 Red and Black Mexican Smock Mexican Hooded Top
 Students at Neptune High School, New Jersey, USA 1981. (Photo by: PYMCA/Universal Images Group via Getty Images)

■ ■ ■ ■ ■ ■ ■

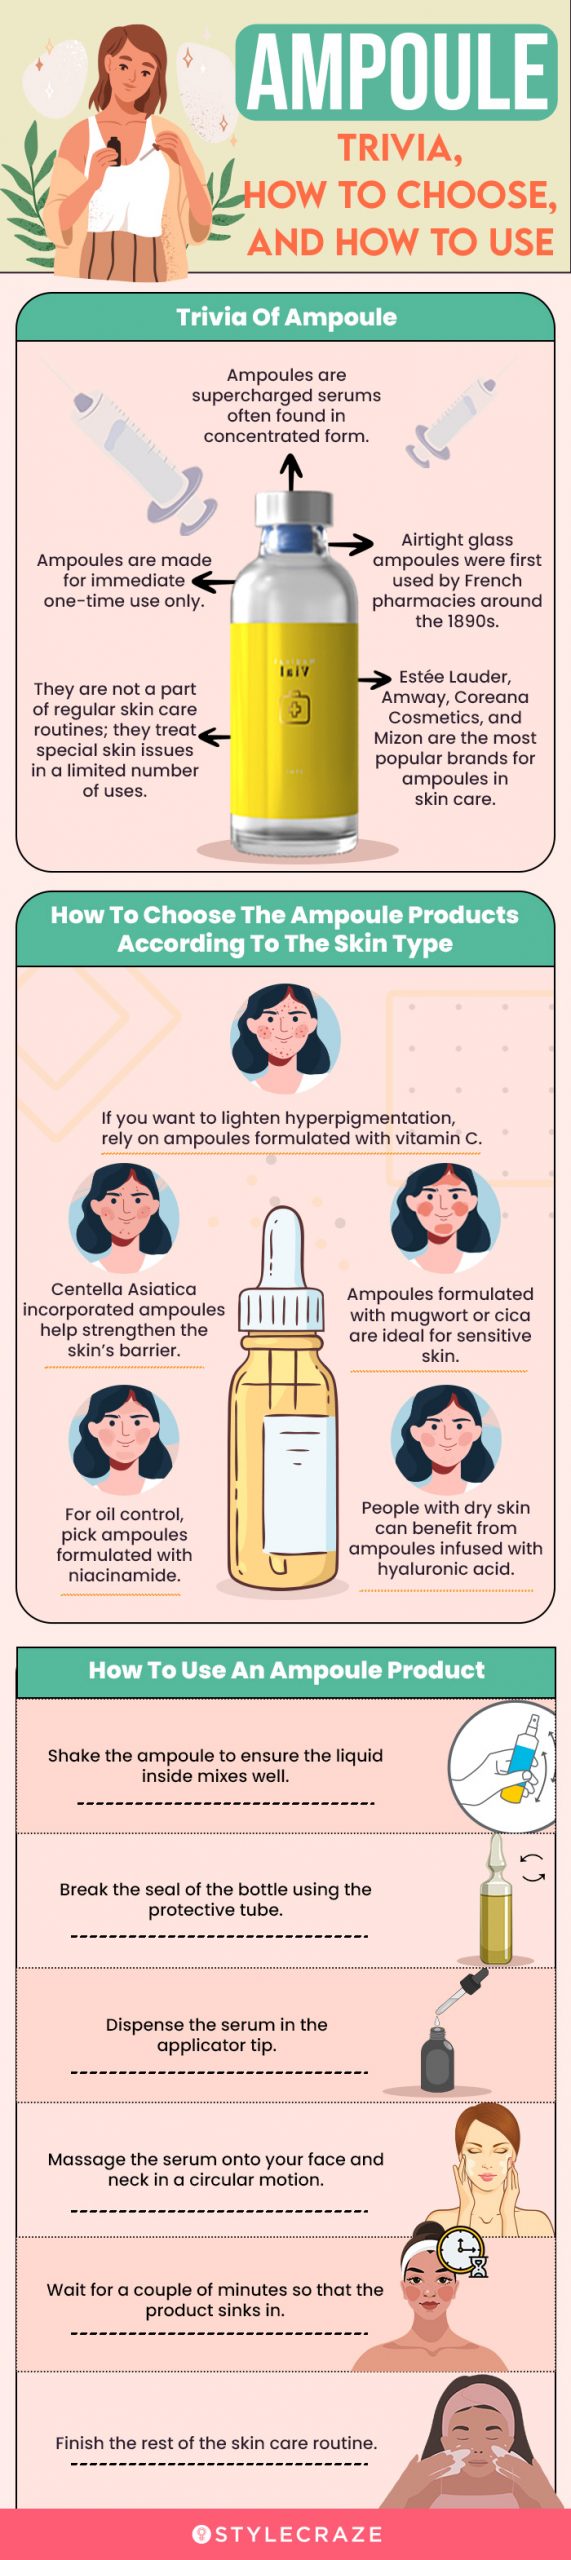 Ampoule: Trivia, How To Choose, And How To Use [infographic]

■ ■ ■ ■ ■ ■ ■

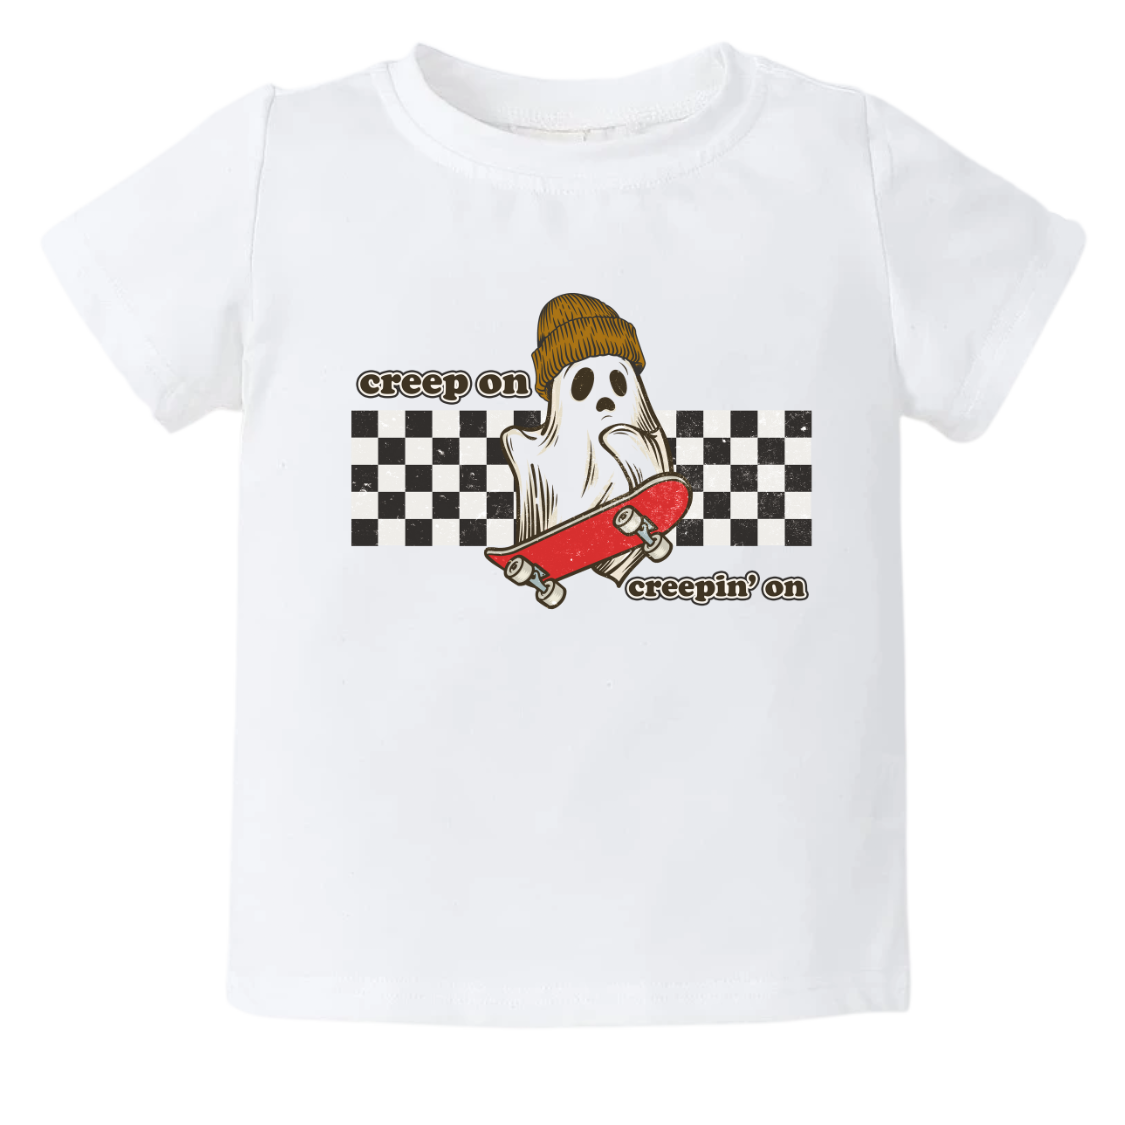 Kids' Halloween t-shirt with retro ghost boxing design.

■ ■ ■ ■ ■ ■ ■

== Your assignment ==
Reproduce exactly, and with no other material, the lines between those holding "Red and Black" and "Students at Neptune", inclusive.

== The completed task ==
 Red and Black Mexican Smock Mexican Hooded Top
 Students at Neptune High School, New Jersey, USA 1981. (Photo by: PYMCA/Universal Images Group via Getty Images)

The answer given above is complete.